ACTION ITEM: Reproduce the section of the listing that begins at the line containing "Exceptionally beautiful tea" and finishes at the line containing "An enrichment for every home and every". Include both end lines and nothing beyond them.

TASK DATA:
::::::

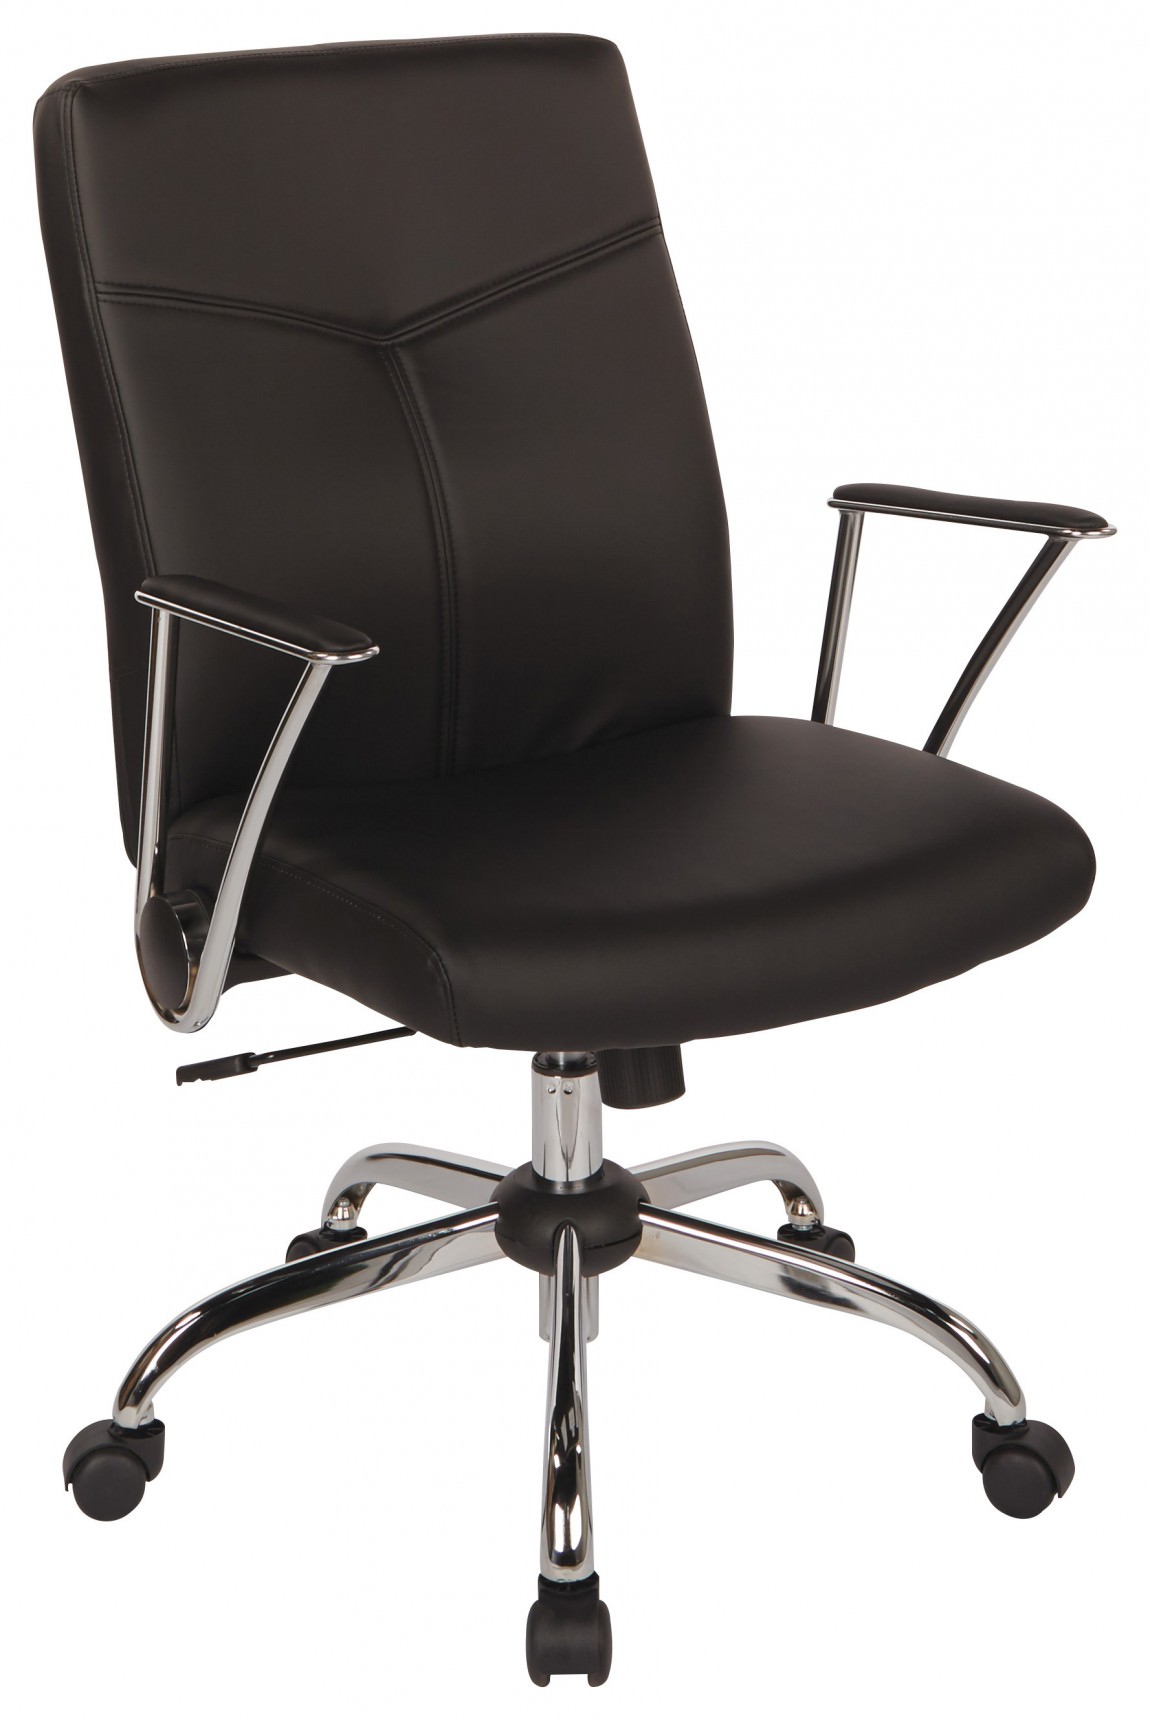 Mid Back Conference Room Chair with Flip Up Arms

::::::

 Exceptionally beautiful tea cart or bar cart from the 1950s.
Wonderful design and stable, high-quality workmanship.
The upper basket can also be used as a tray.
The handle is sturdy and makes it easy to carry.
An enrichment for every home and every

::::::

OUTPUT FOR THIS TASK:
 Exceptionally beautiful tea cart or bar cart from the 1950s.
Wonderful design and stable, high-quality workmanship.
The upper basket can also be used as a tray.
The handle is sturdy and makes it easy to carry.
An enrichment for every home and every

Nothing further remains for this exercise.